What is "bit padding" or "padding bits" exactly?
I often find the term "bit padding" in relation of data types, but don´t understand what it is nor what it does exactly with those.
The gist of it is they are "wasted" space. I say "wasted" because while having padding bits makes the object bigger, it can make working with the object much easier (which means faster) and the small space waste can generate huge performance gains. In some cases it is essential because the CPU can't handle working with objects of that size.
Lets say you have a struct like (all numbers are just an example, different platforms can have different values):
struct foo
{
short a; // 16 bits
char b; // 8 bits
};
and the machine you are working with reads 32 bits of data in a single read operation. Reading a single foo is not a problem since the entire object fits into that 32 bit chunk. What does become a problem is when you have an array. The important thing to remember about arrays is that they are contiguous, there is no space between elements. It's just one object immediately followed by another. So, if you have an array like
foo array[10]{};
With this the first foo
object is in a 32 bit bucket. The next element of the array though will be in the first 32 bit bucket and the second 32 bit bucket. This means that the member a
is in two separate buckets. Some processors can do this (at a cost) and other processors will just crash if you try to do this. To solve both those problems the compiler will add padding bits to the end of foo
to pad out it's size. This means foo actually becomes
struct foo
{
short a; // 16 bits
char b; // 8 bits
char _; // 8 bits of padding
};
And now it is easy for the processor to handle foo
objects by themselves or in an array. It doesn't need to do any extra work and you've only added 8 bits per object. You'd need a lot of objects for that to start to matter on a modern machine.
There is also times where you need padding between members of the type because of unaligned access. Lets say you have
struct bar
{
char c; // 8 bits
int d; // 32 bits
};
Now bar
is 40 bits wide and d
more often then not will be stored in two different buckets again. To fix this the compiler adds padding bits between c
an d
like
struct bar
{
char c; // 8 bits
char _[3]; // 24 bits
int d; // 32 bits
};
and now d
is guaranteed to go into a single 32 bit bucket.
bit padding:
Bit padding is the addition of one or more extra bits to a transmission or storage unit to make it conform to a standard size.

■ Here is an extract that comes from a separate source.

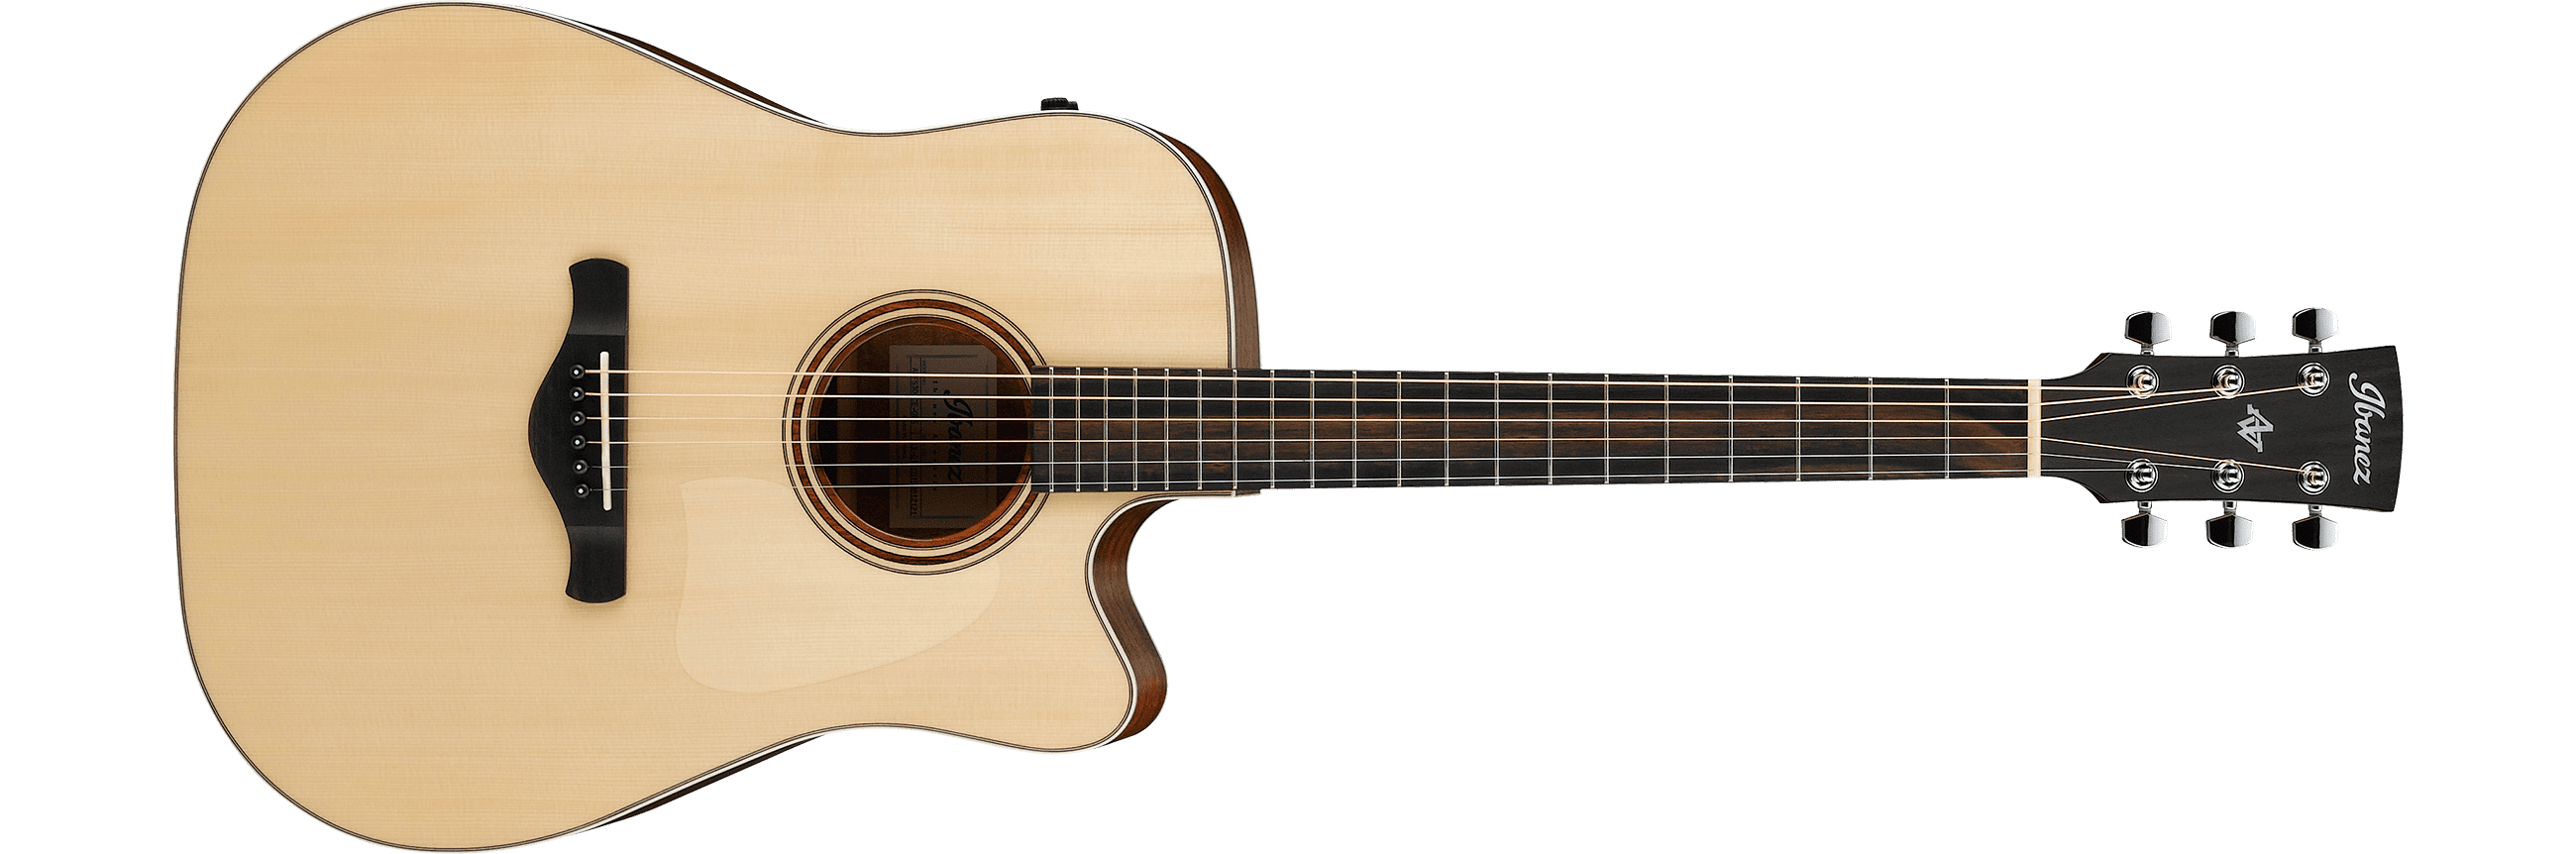 AWFS300CE | ARTWOOD | ACOUSTIC GUITARS | PRODUCTS | Ibanez guitars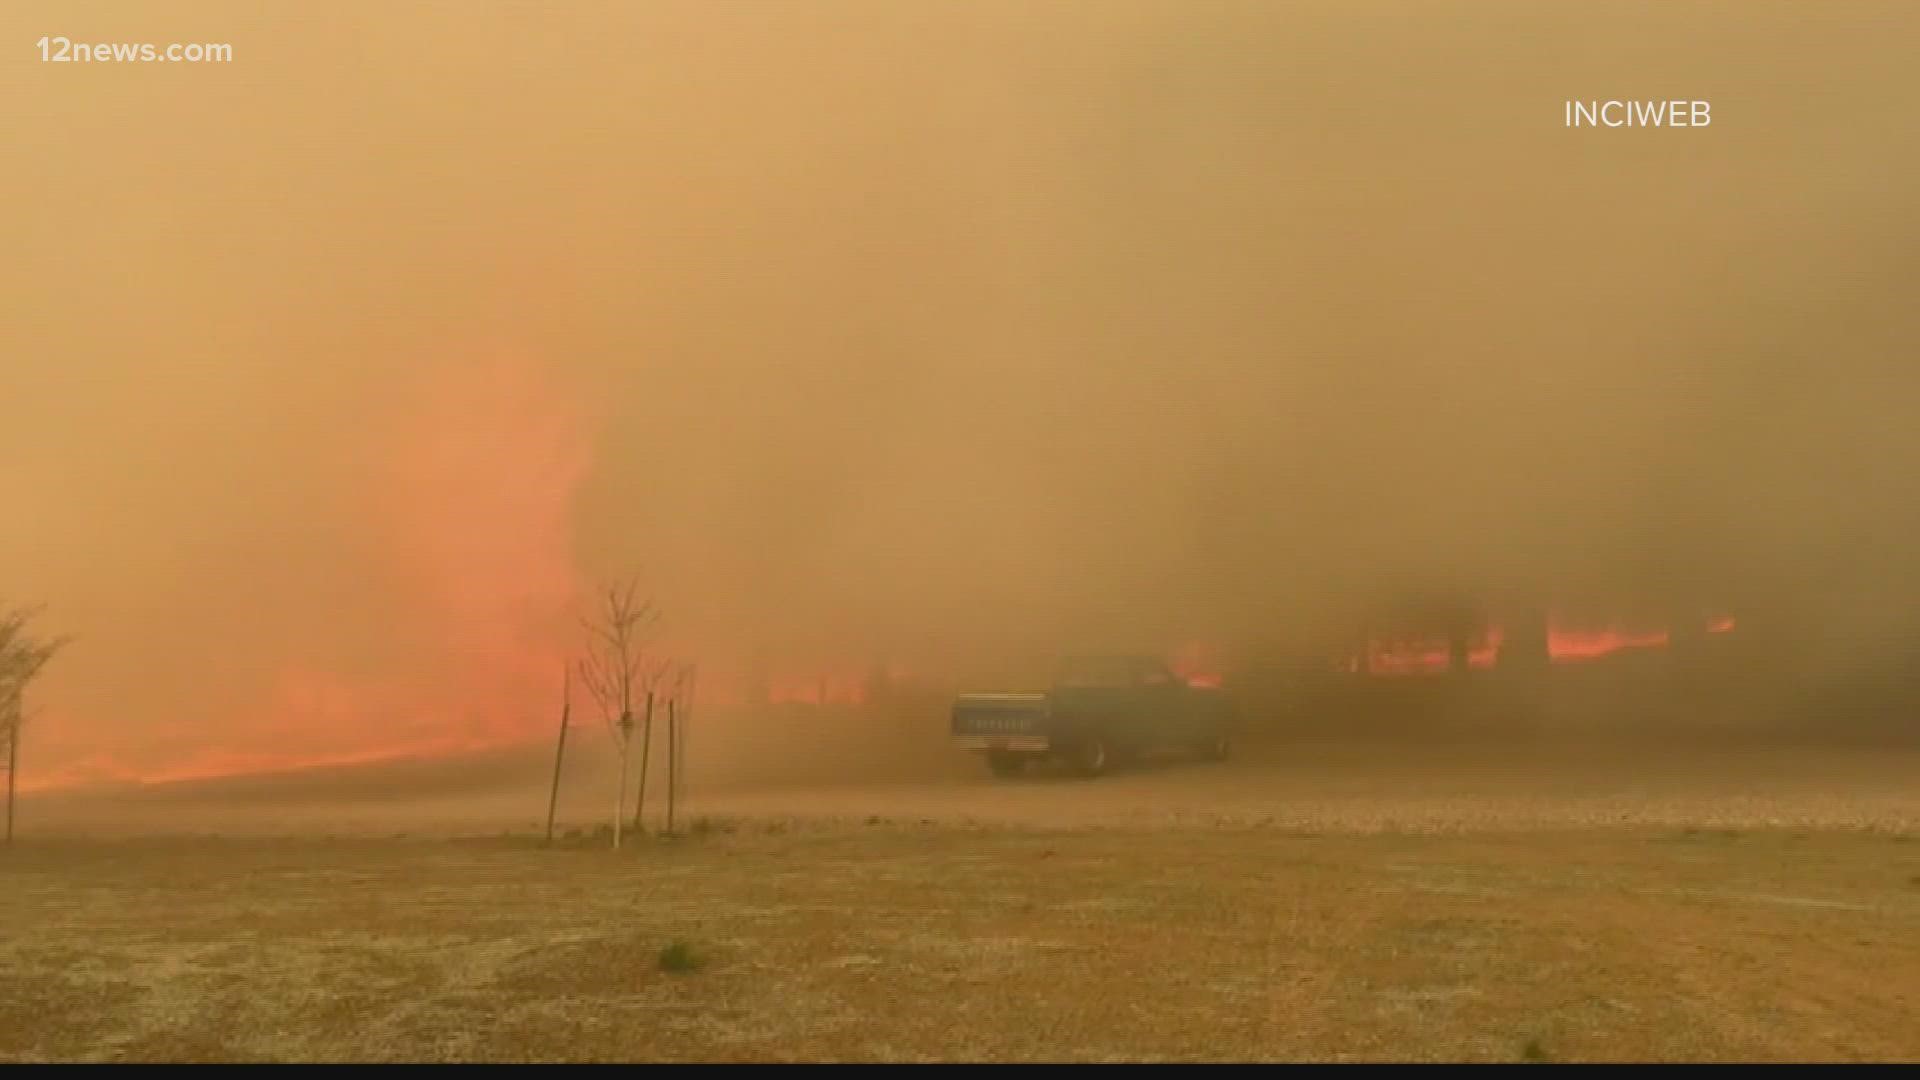 Some residents near Flagstaff have been ordered to evacuate as the wildfire has exploded to more than 6,000 acres.

As the definition you posted is already correct, I'll try to explain with an example:
Suppose you have to store data that occupies less than 32 bits but you have 4 byte slots. It is easier to access that data by accessing to each slot, so you just have to complete all the 32 bits. The additional bits needed to complete 'the given space' but which are not part of the data conform the bit padding.
I'm sure there may be better examples of this in multiple contexts. Anybody, feel free to edit and/or complete the answer with new improvements or examples.
Hope this helps!
So imagine you have an 8 bit number, it's an uint8_t
, and its value is set to 4
. This would probably be stored as a = 0000 0100
. Now, let's say you wish to convert this into a 16 bit number. What would happen? You have to assign some values to 'new' bits in this number. How would you assign them? You can't randomly assign zeros or ones, value of original variable will change. Depending on architecture etc. you have to pad value with extra bits. In my case, that would mean additional eight extra zeros be added in front of original MSB (most significant bit), making our number a = 0000 0000 0000 0100
.
Value is still 4, but now you can assign anything in [0, 2^16) range, instead of [0, 2^8) range.